Will something like this work if we modify planFiles?
Map<Integer, PartitionSpec> specsById = ops.current().specsById();
LoadingCache<Integer, ManifestEvaluator> evalCache = Caffeine.newBuilder().build(specId -> {
PartitionSpec spec = specsById.get(specId);
PartitionSpec transformedSpec = transformSpec(fileSchema, spec, PARTITION_FIELD_PREFIX);
return ManifestEvaluator.forRowFilter(rowFilter, transformedSpec, caseSensitive);
});
CloseableIterable<ManifestFile> filtered = CloseableIterable.filter(
manifests(),
manifest -> evalCache.get(manifest.partitionSpecId()).eval(manifest));
There was a problem hiding this comment.
Hi @aokolnychyi yea ideally we would try harder to filter even on older specs, I was just looking to fix the problem earlier.
So the problem I run into here, is if a field is renamed (ie, TestMetadataTablesWithPartitionEvolution.testFilesMetadataTable). In this case, transformSpec() method tries to bind the expression with the old spec on the fileSchema. But it can't find the old field anymore.

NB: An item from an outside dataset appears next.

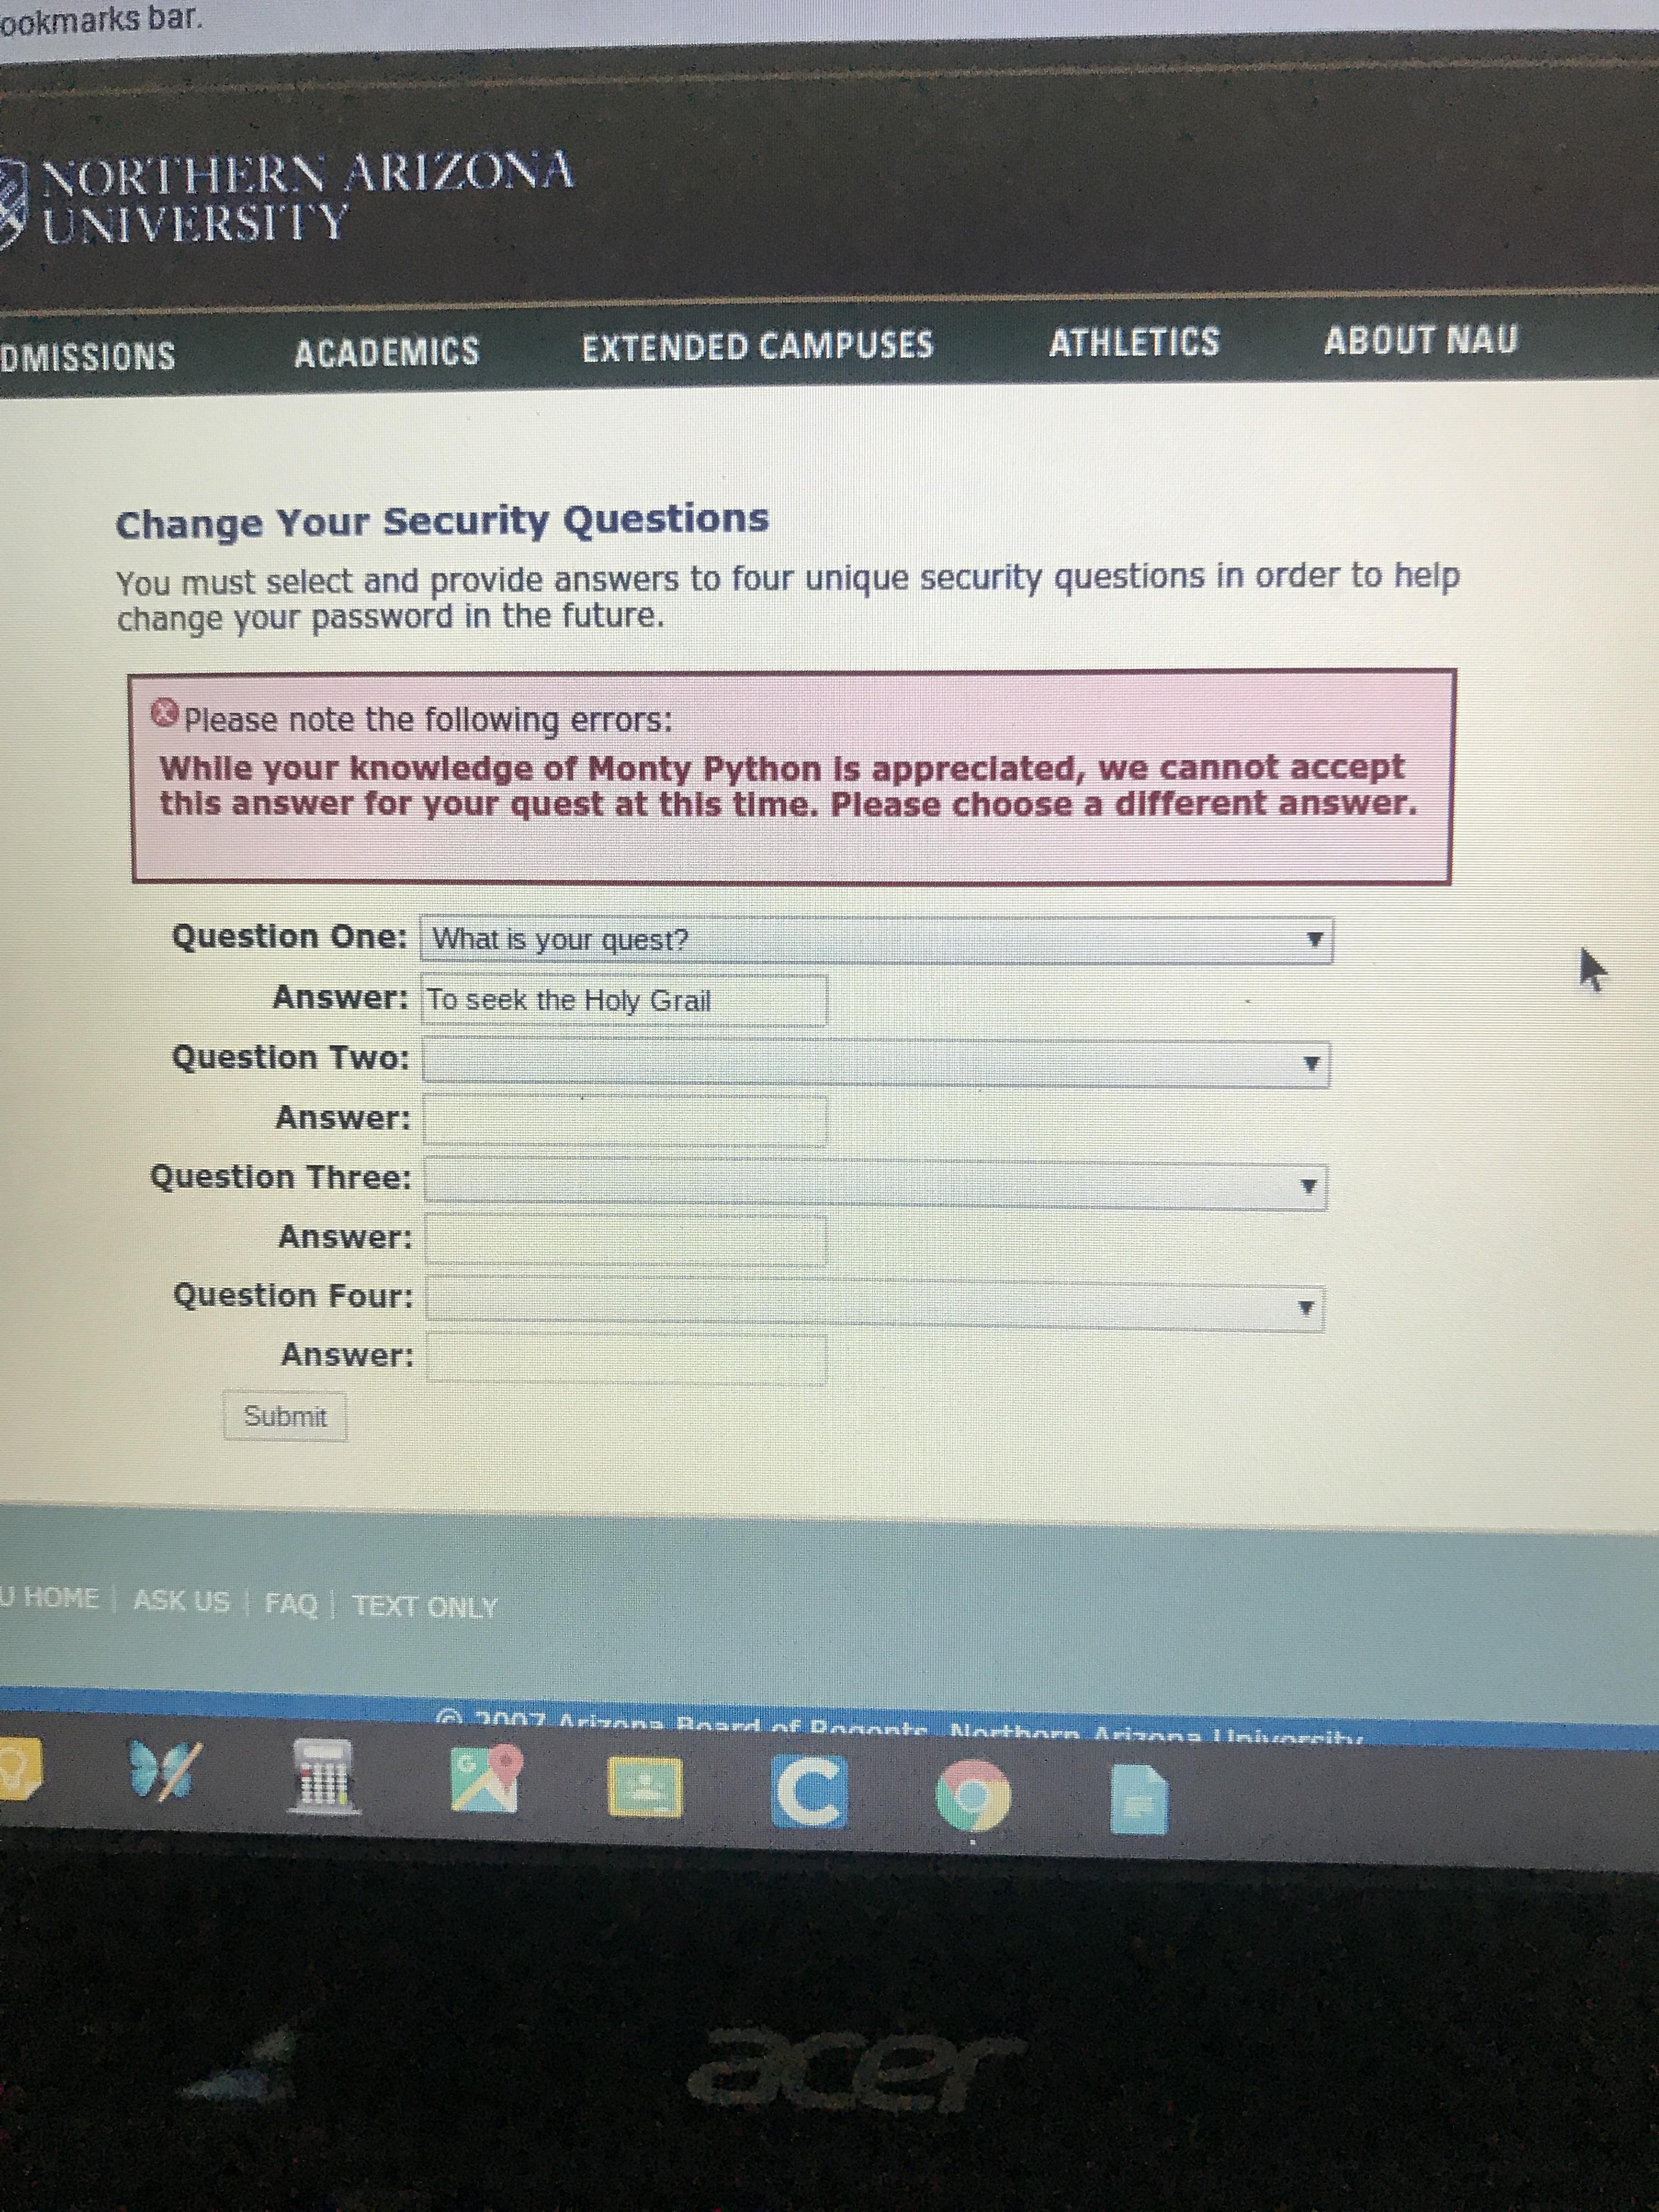 University of Northern Arizona has a pretty great error message

As you know, the fileSchema is derived from Partitioning.partitionType, which has union of all spec fields, but I'm guessing not the old names.
Stack trace:
Cannot find source column: partition.category_bucket_8
java.lang.IllegalArgumentException: Cannot find source column: partition.category_bucket_8
at org.apache.iceberg.relocated.com.google.common.base.Preconditions.checkArgument(Preconditions.java:220)
at org.apache.iceberg.PartitionSpec$Builder.findSourceColumn(PartitionSpec.java:397)

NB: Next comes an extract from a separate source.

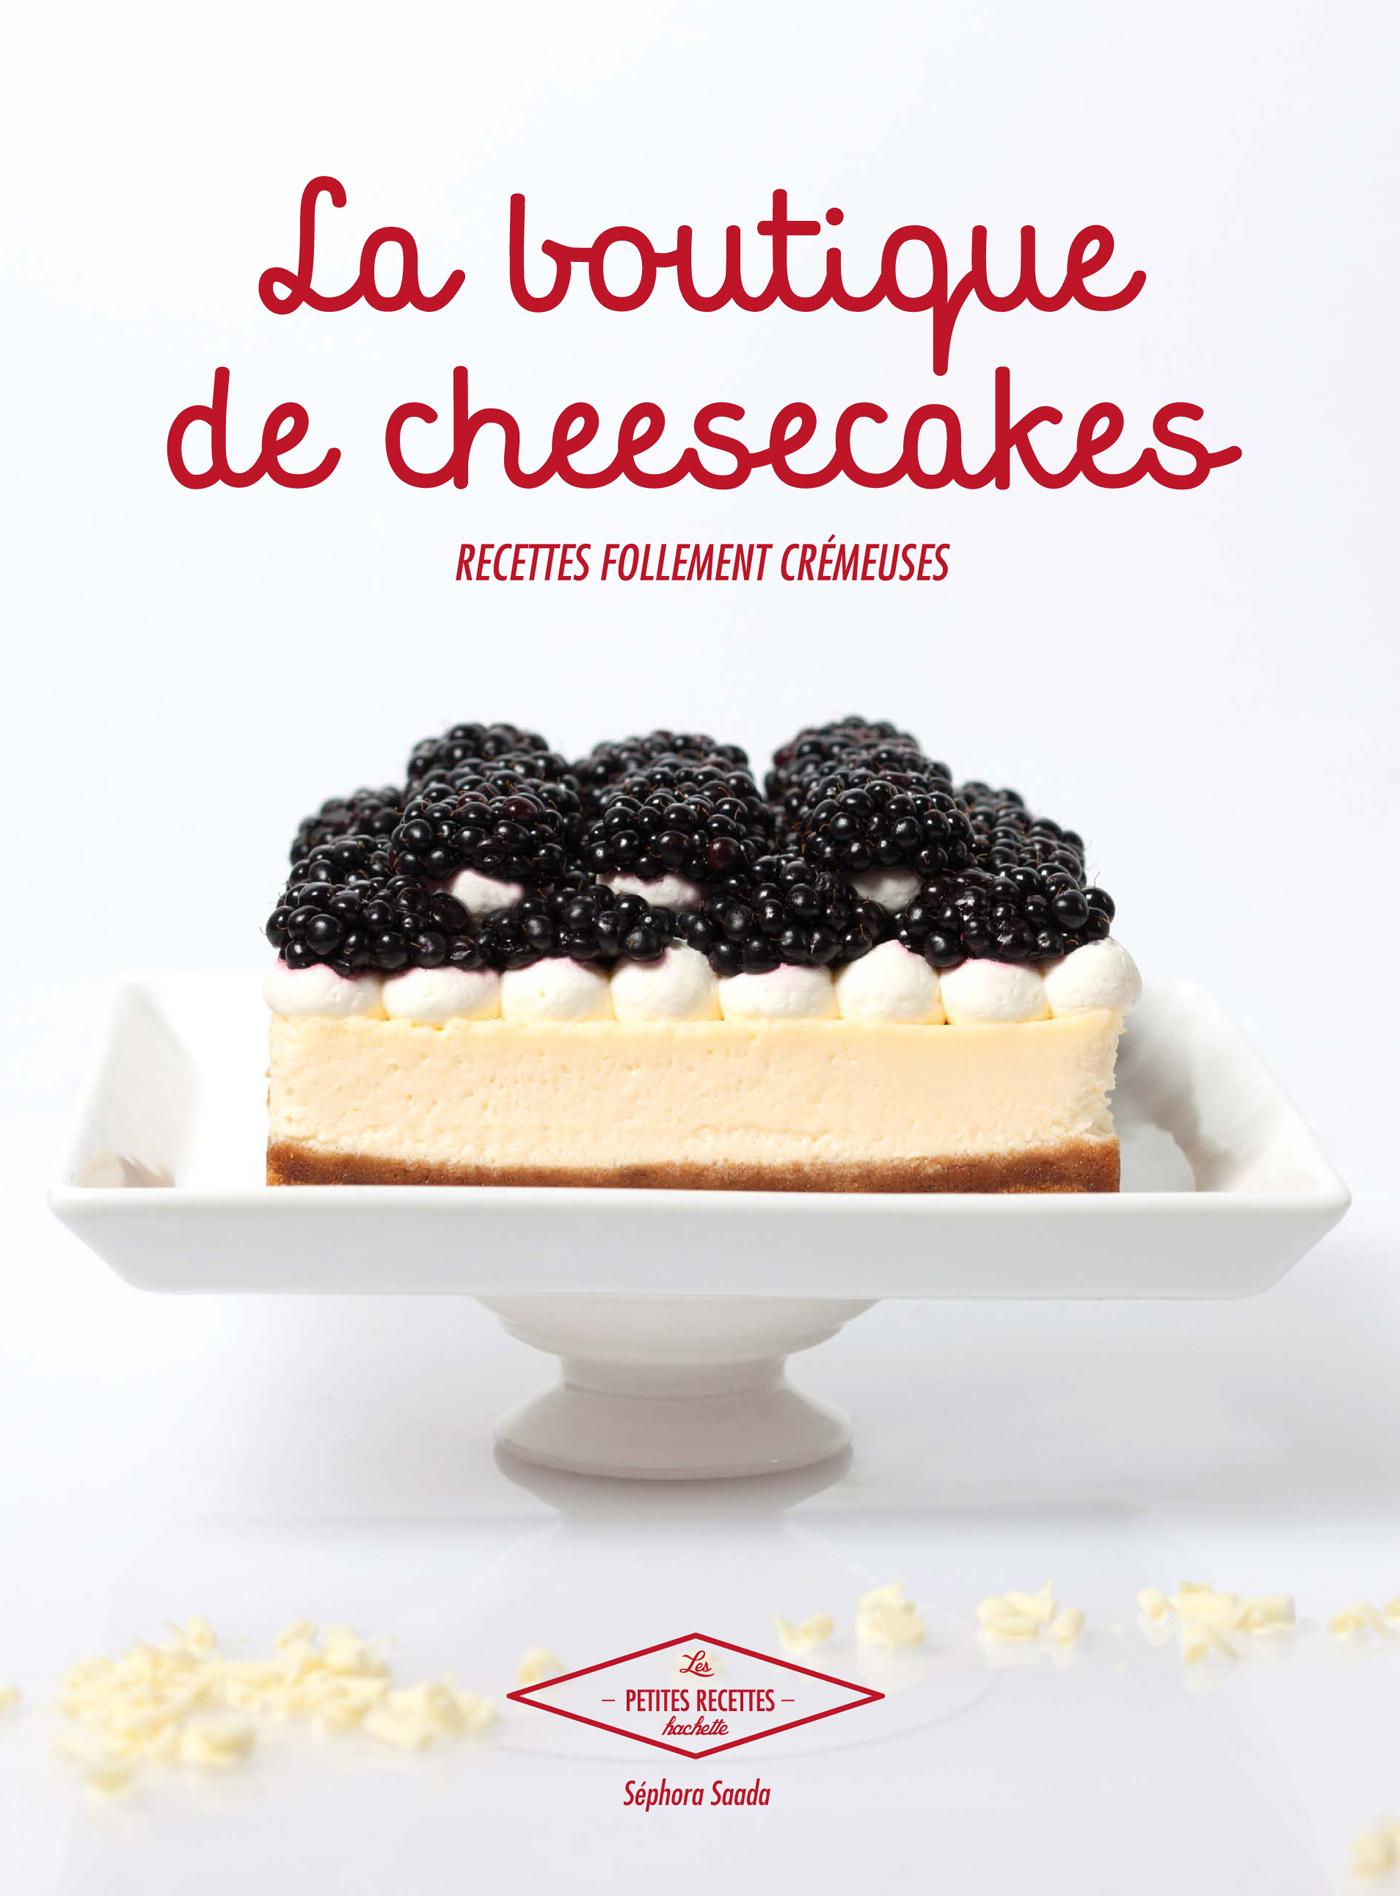 livre : la boutique de cheesecakes de sephora saada - untitled

at org.apache.iceberg.PartitionSpec$Builder.identity(PartitionSpec.java:402)
at org.apache.iceberg.BaseMetadataTable.lambda$transformSpec$0(BaseMetadataTable.java:66)

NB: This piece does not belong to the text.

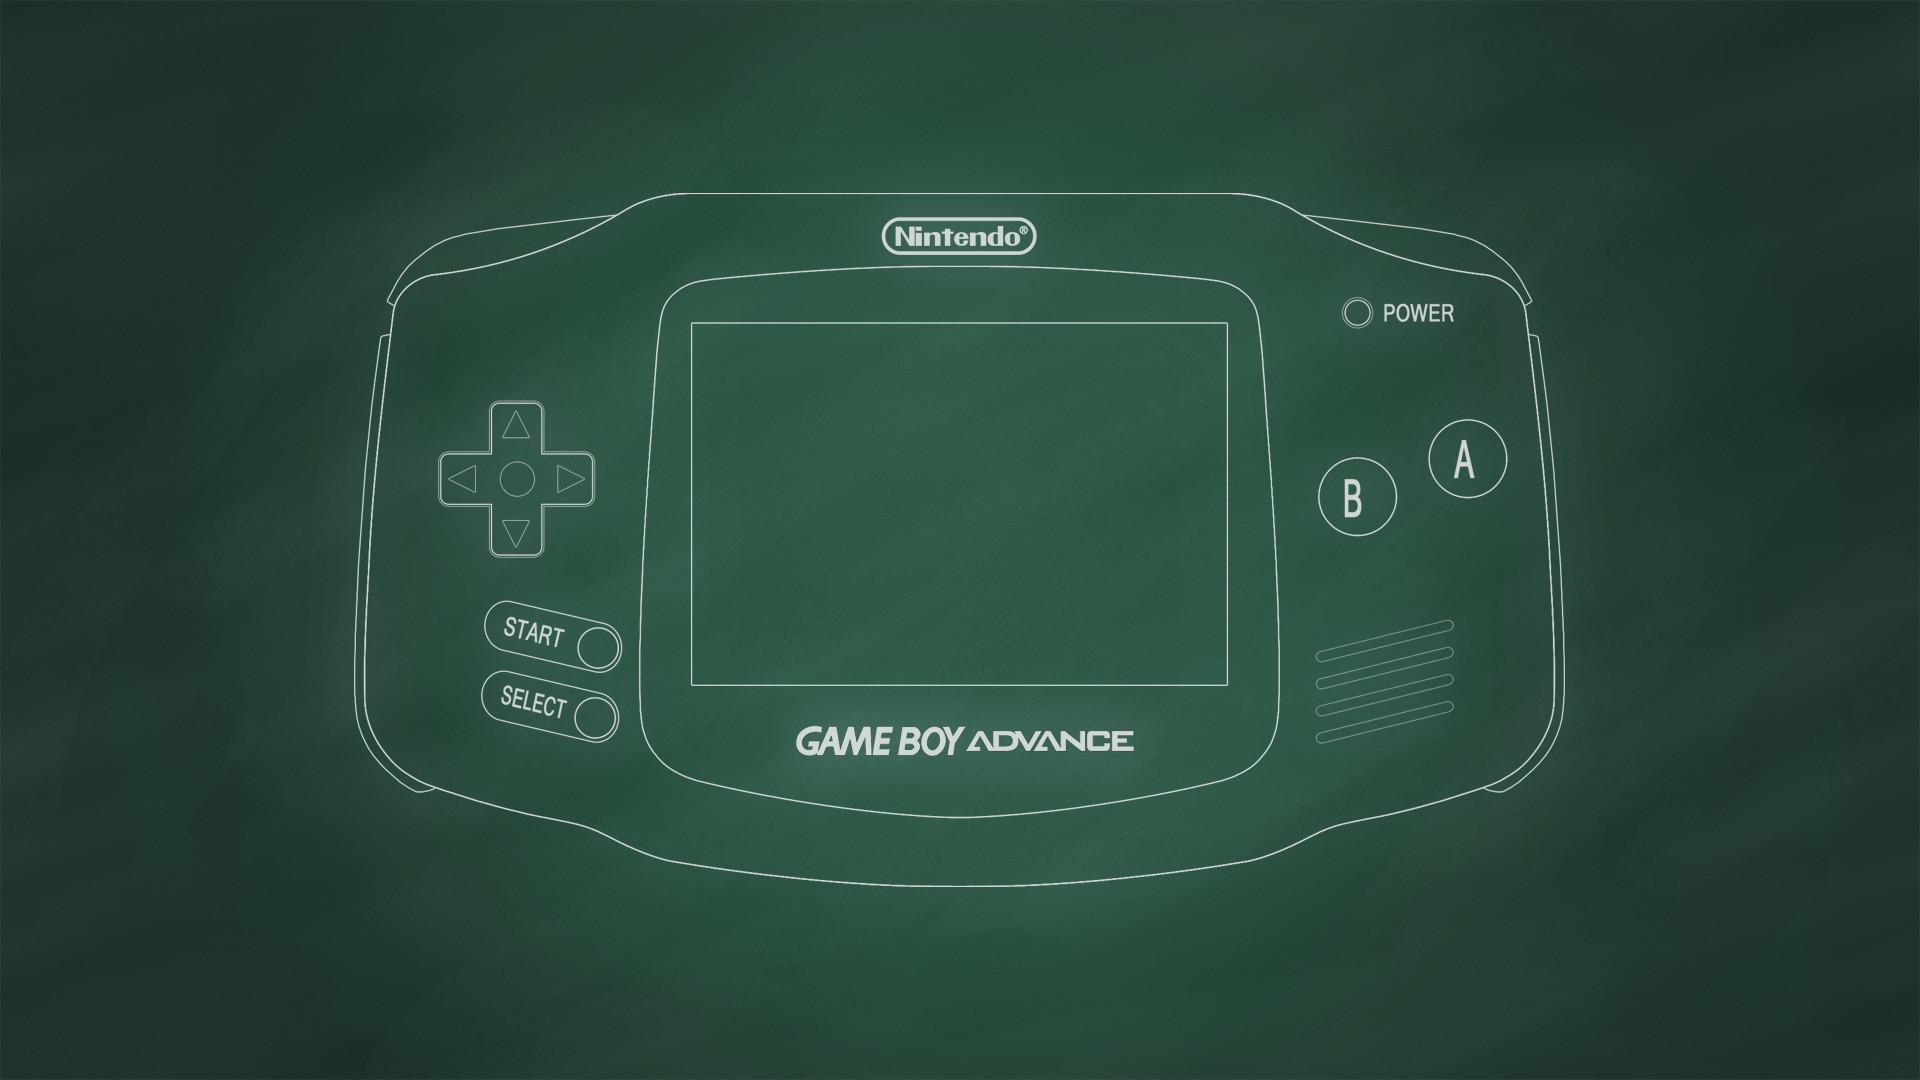 … Game Boy Advance [Chalkboard] by BLUEamnesiac

at org.apache.iceberg.relocated.com.google.common.collect.ImmutableList.forEach(ImmutableList.java:422)
at org.apache.iceberg.BaseMetadataTable.transformSpec(BaseMetadataTable.java:66)
at org.apache.iceberg.BaseFilesTable$BaseFilesTableScan.lambda$planFiles$0(BaseFilesTable.java:103)
at com.github.benmanes.caffeine.cache.LocalLoadingCache.lambda$newMappingFunction$2(LocalLoadingCache.java:141)
at com.github.benmanes.caffeine.cache.UnboundedLocalCache.lambda$computeIfAbsent$2(UnboundedLocalCache.java:238)
at java.base/java.util.concurrent.ConcurrentHashMap.computeIfAbsent(ConcurrentHashMap.java:1705)
at com.github.benmanes.caffeine.cache.UnboundedLocalCache.computeIfAbsent(UnboundedLocalCache.java:234)
at com.github.benmanes.caffeine.cache.LocalCache.computeIfAbsent(LocalCache.java:108)
at com.github.benmanes.caffeine.cache.LocalLoadingCache.get(LocalLoadingCache.java:54)
at org.apache.iceberg.BaseFilesTable$BaseFilesTableScan.lambda$planFiles$1(BaseFilesTable.java:109)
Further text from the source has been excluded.